2015-2016 IG Finding D:
The Department did not have a consistent practice of invoicing borrowers for money borrowed from the County.

Current Status:
Since September 2017, borrowers have been consistently invoiced on a monthly/quarterly basis depending on loan terms. This has resulted in increased collections and higher borrower engagement. The Loan Portfolio Team communicates with borrowers frequently, often meeting with borrowers weekly to both resolve issues and better understand the business conditions of their company. This has resulted in higher collections and has enabled borrowers to execute business transactions such as refinancing or other corporate changes, based on a more responsive County Department of Development.

2015-2016 IG Finding E:
Lack of segregation of loan origination and servicing duties.

Current Status:
Since September 2017, loan origination and servicing duties have been organizationally separated. In November 2017, a full-time Loan Portfolio Manager was hired, relieving the Interim Loan Portfolio Manager appointed in August 2017. In January 2018, a Loan Portfolio Management Team was established, significantly increasing the level of resources devoted to Loan Portfolio management. The Team consists of:

Loan Portfolio Manager – FT
Assistant Loan Portfolio Manager – FT
Deputy Chief — 30% time
Chief — 15% time
Other Department of Development staff:
Administrative person to support the Loan & Assistant Loan Portfolio Manager will be hired to oversee records management and administrative components of the Loan Portfolio—this position has been posted for hire.

2015-2016 IG Finding F:
The Department lacks written policies and procedures that govern the stewardship of the Loan Portfolio.

Current Status:
In July 2017, the Department drafted its first Loan Policy Manual, which has been reviewed by an external 3rd party and has now been updated and finalized.

A complementary Loan Procedures Manual is in the process of being finalized.

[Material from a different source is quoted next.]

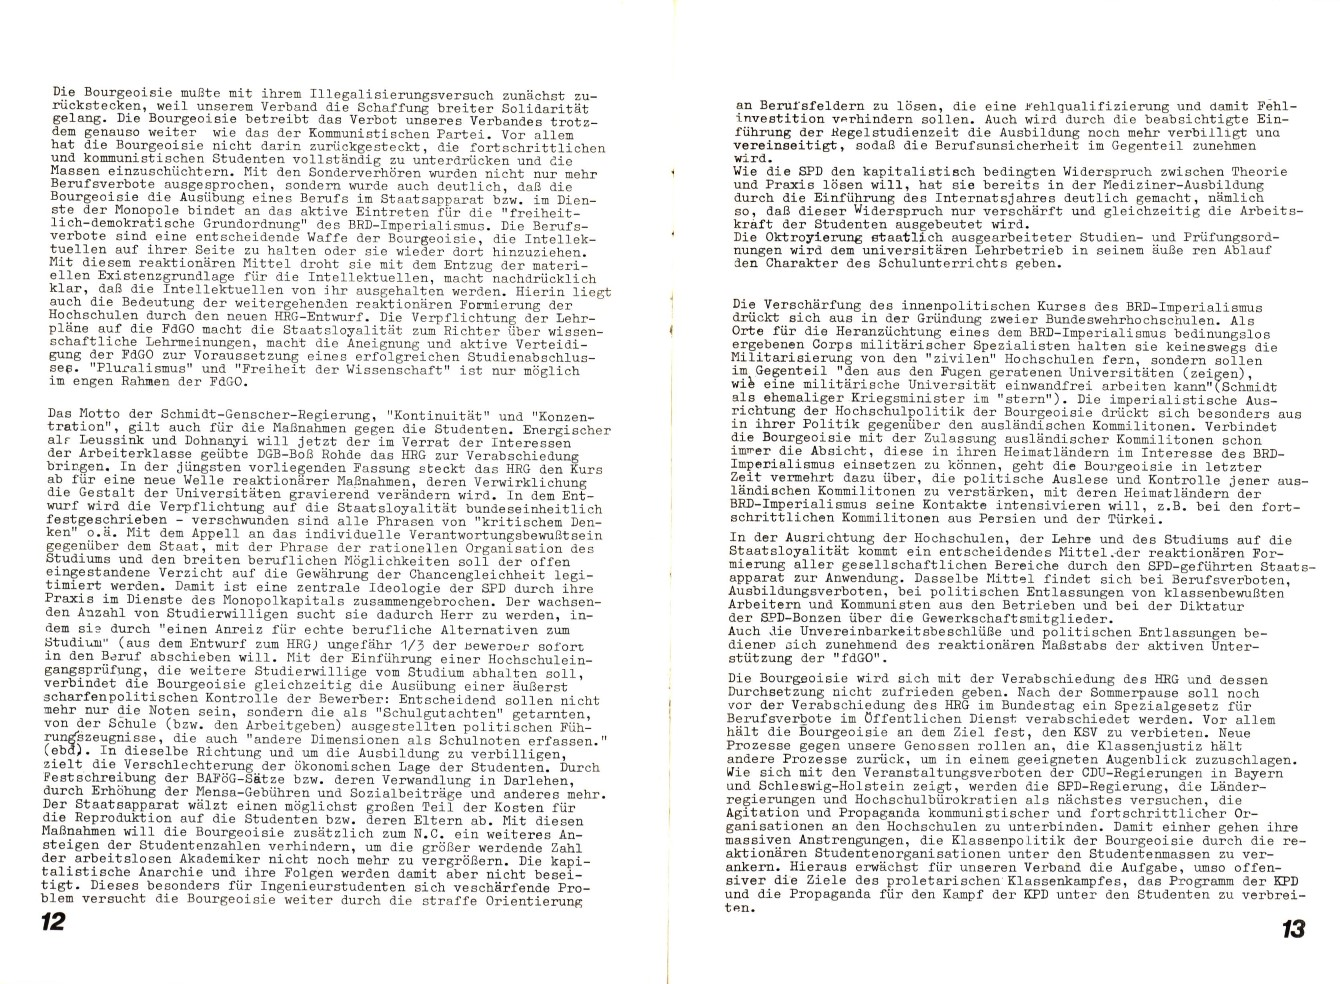 KSV_1974_Rechenschaftsbericht_08
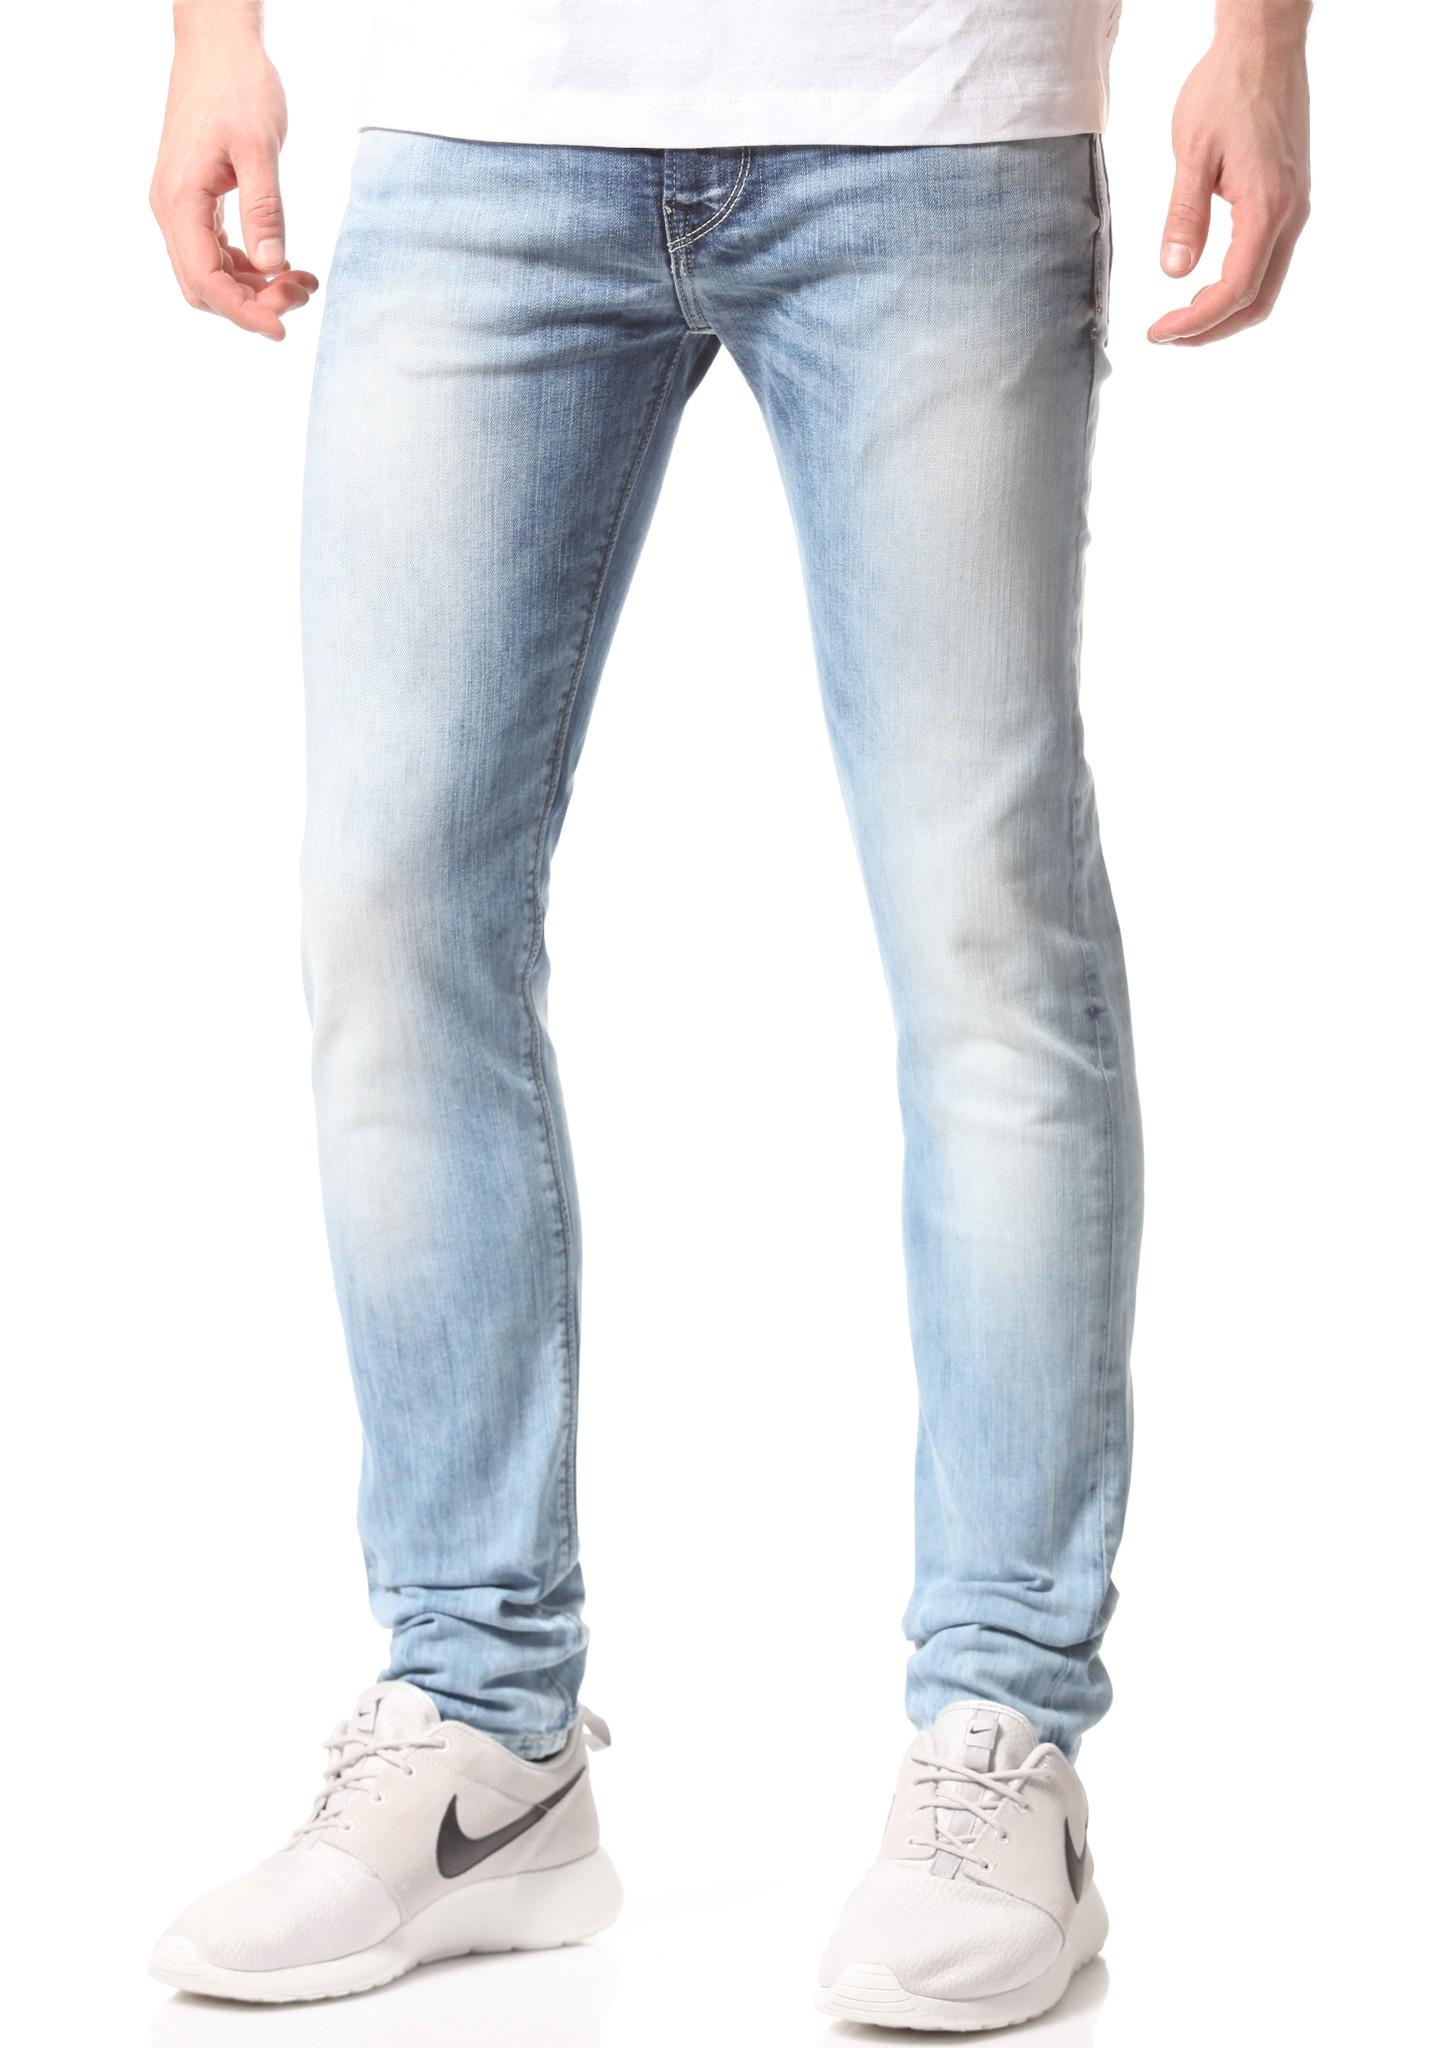 dfef330623f914 NEU PEPE JEANS Hatch Denim Pant Herren Jeans Hose | eBay

Both the Loan Policy Manual and Loan Procedures Manual will be fully implemented with Economic Development staff by the end of October 2018; each Economic Development staff member will be required to affirm that he or she has reviewed and understands its mandates.

2015-2016 IG Finding G:
Department of Development had not consistently recorded loans into Portfol and insufficient Portfol servicing protocols were in place.

Current Status:
All loans have been entered Portfol. Entering data into Portfol is now a performance requirement as a matter of policy, outlined in the Department’s new Policy Manual. All Economic Development staff have received Portfol training and semi-annual training is now a requirement for all Portfol users. Security protocols have now been established and are the responsibility of the Loan Portfolio Manager to enforce. These protocols define and limit who has access to change or alter information in Portfol.

Credit for the progress made to date goes to:
  1. The leadership, support and engagement of the County Executive and his staff.
  2. Our partnership with the Inspector General’s office. Their reports and critique have put the County in a much stronger position, regarding managing and collecting monies owed to the County.
  3. Most importantly, the effort of the staff of the Department of Development, all of whom have contributed to the material improvement of the Portfolio. Special thanks go to the Loan Portfolio Management Team:

    Bryan Edwards, Loan Portfolio Manager
    Sona Lahoti, Assistant Loan Portfolio Manager
    Greg Huth, Deputy Chief Economic Development
    The Department’s Fiscal Team, working with OBM

    This team, working with me on a weekly/daily basis, has put the Department in a position to issue this report with confidence.
  4. The Economic Development Improvement Team, comprised of County employees from various departments, set the foundation early on for our progress by locating loans from various sources, organizing documents and scanning them into Portfol to provide an initial baseline for review and further forensic action.
  5. The County Council Economic Development Committee and County Council Staff for their partnership and support.